El otro recuerdo es el de los almidonados e inmaculados mandiles de las camareras que venían a nuestra habitación del hotel a preparar o rellenar la chimenea con carbón de un cubo de latón. Las tradicionales chimeneas abiertas inglesas de carbón, reminiscencias de Charles Dickens, me gustaban mucho y me parecían muy pintorescas. Y si añadimos al cuadro aquellas tranquilas, alegres y serenas camareras que lo atendían, se obtiene una imagen acogedora, que no adusta, de Inglaterra.
Mi impresión primordial, en ésta y siguientes visitas a Inglaterra, era que mi padre se relajaba.
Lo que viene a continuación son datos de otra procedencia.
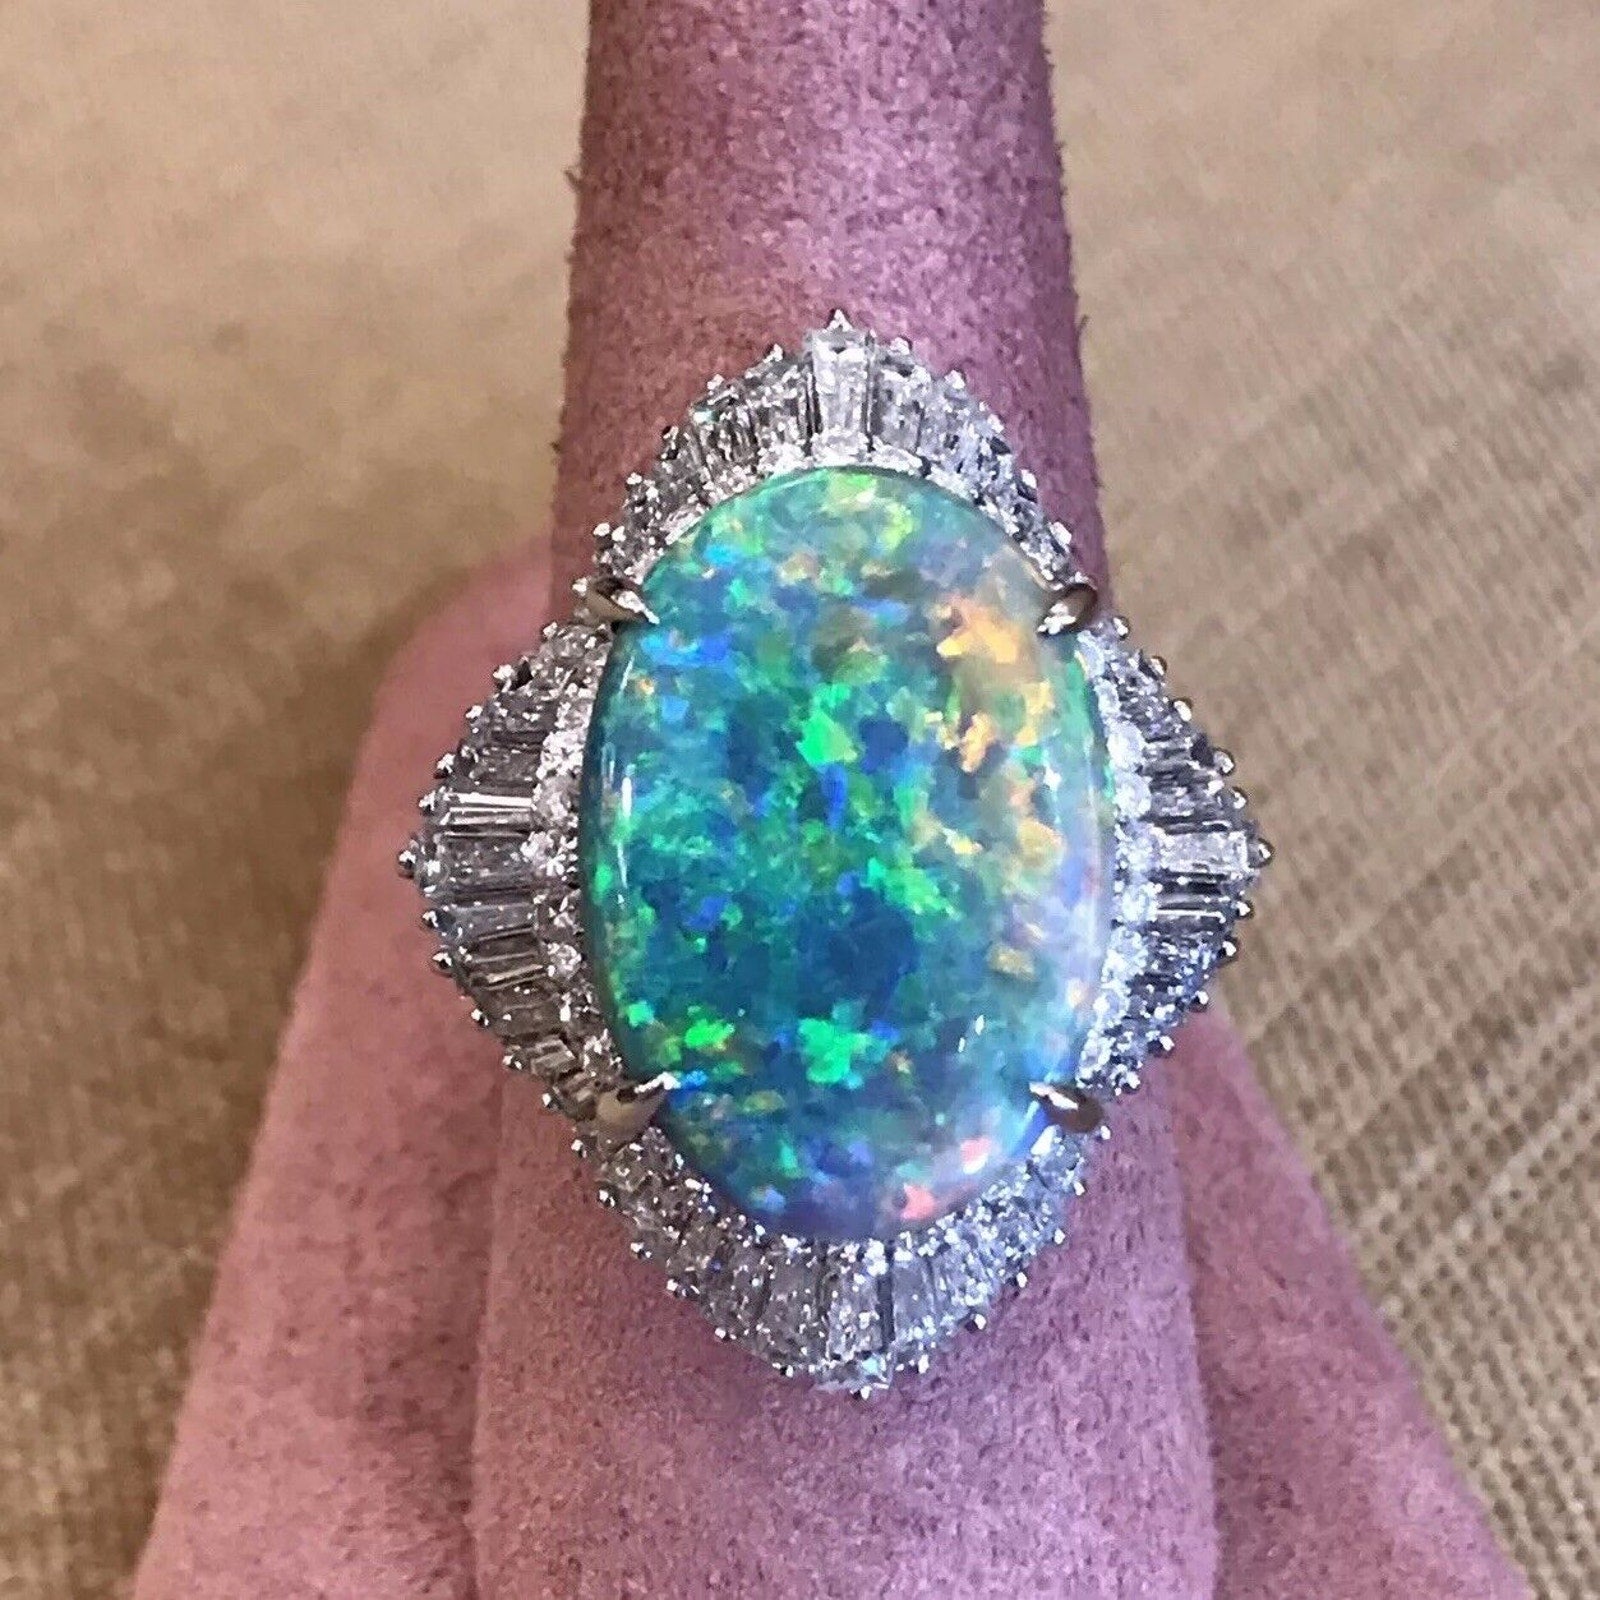 7.71 carat Certified Black Opal and Diamond Ring in Platinum

Aba estaba generalmente feliz durante nuestras giras, disfrutaba tanto como yo de la mezcla de libertad y finalidad, pero en Inglaterra respiraba con tranquilidad y mostraba su confianza en el mundo y, por ejemplo, nunca cuestionaba la repetición de conciertos, lo que sí hacía en otros sitios. Incluso cuando estuvimos allí toda la familia, vivíamos a otro ritmo, como si estuviésemos apoyados por una sociedad que compartía con nosotros la visión de virtud en el trabajo, paciencia y disciplina y que no nos hacían sentir diferentes, incluso considerábamos como de buena educación que nos aclamasen tan extravagantemente.
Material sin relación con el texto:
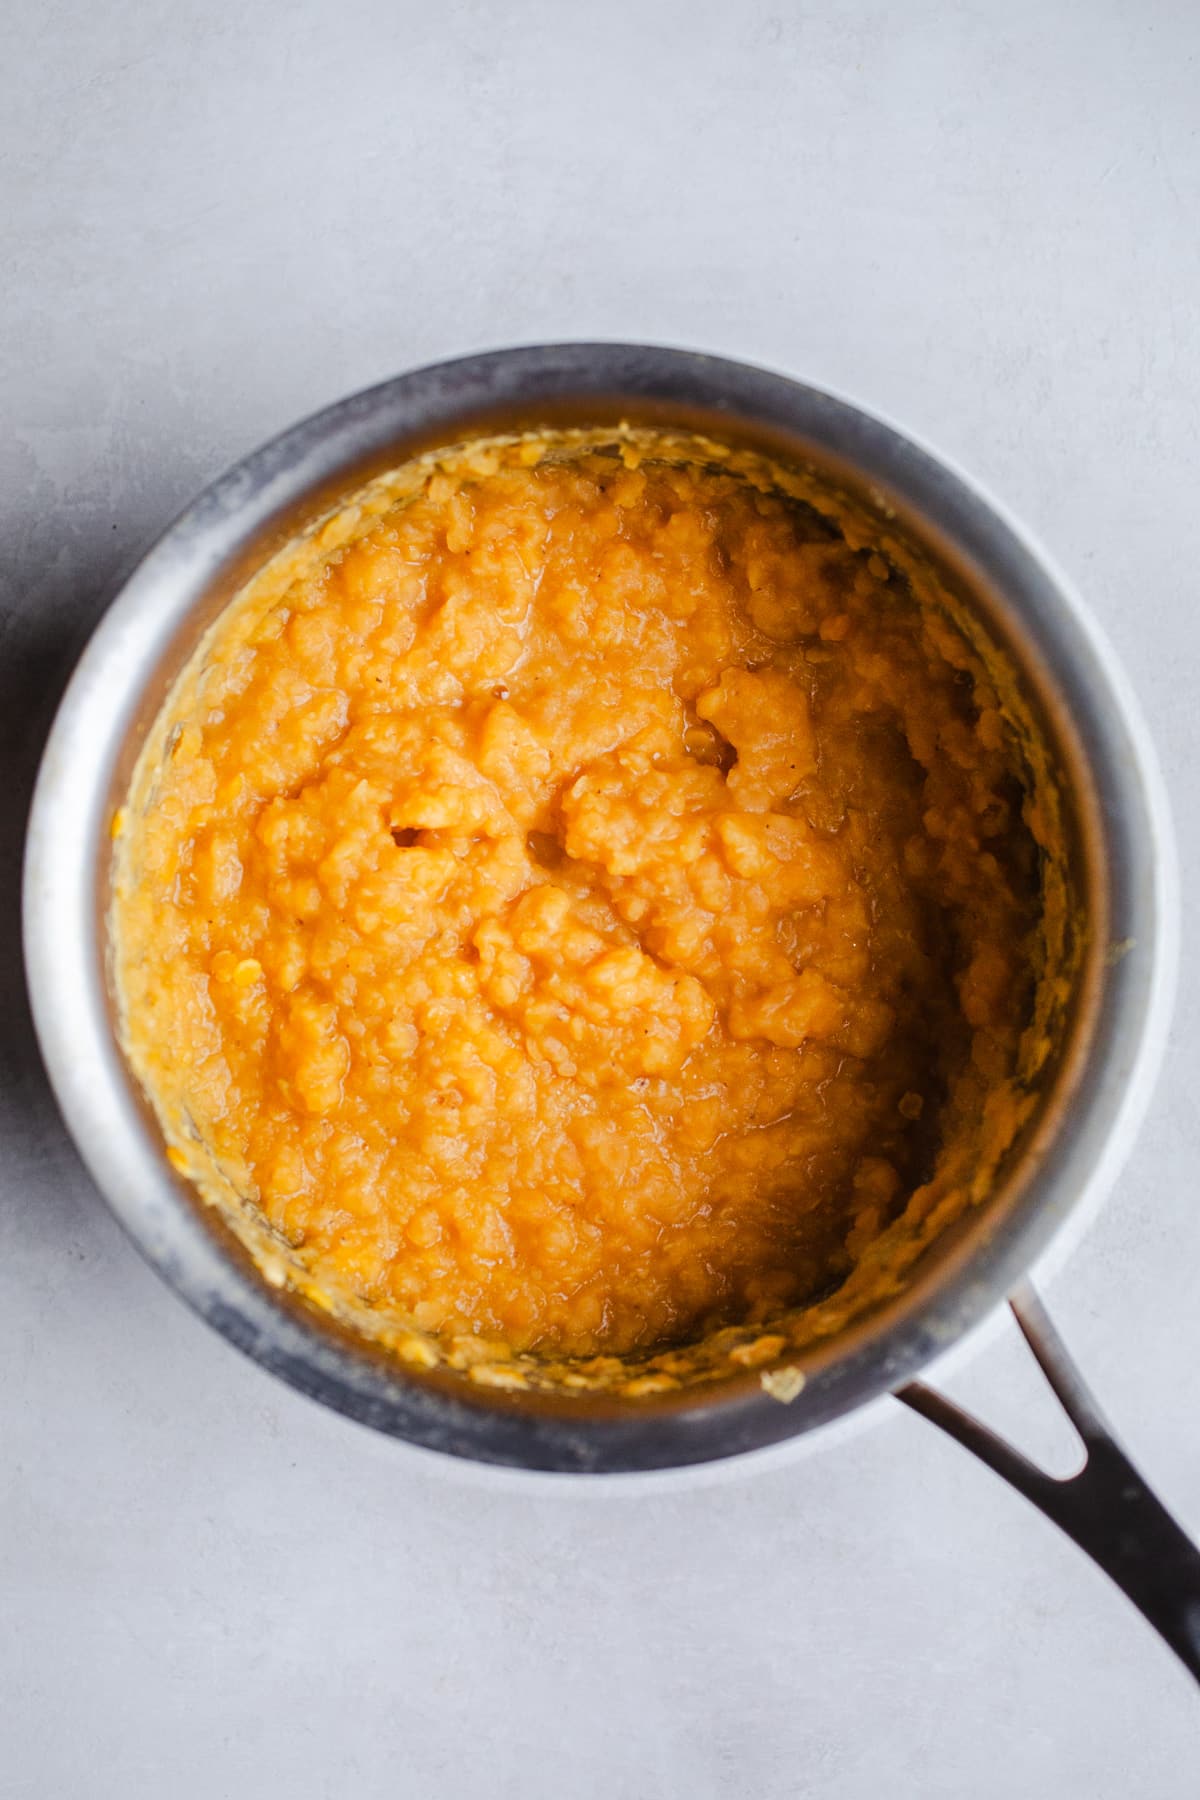 Cooked red lentils in a saucepan.

Este país del decoro sorprendentemente abrigó una de mis primeras relaciones de sangre que llegué a conocer (hubo otras posteriores en Rusia e Israel). Incluso alguien como yo, rodeado diariamente por numerosos primos y tíos, habría valorado a la familia Miller. Para mí fueron todo un hallazgo. Familia lejana de mi madre, el tío Jack y la tía Edie vivían con sus hijos Jon y Sonia en una bella y gran casa antigua cerca de Richmond Park. El tío Jack, que era propietario de una cadena de tiendas de tabaco, era el tipo de persona cuya generosidad te deja indefenso. Admirar, por ejemplo, su reloj suponía arriesgarse a que inmediatamente te lo regalase, y a pesar de que aprendí a mantener esa peligrosa admiración para mí mismo, a lo largo de los años fui destinatario de innumerables objetos de gran valor sencillamente porque estaban allí y el tío jack había pensado que sería bonito que yo los tuviese.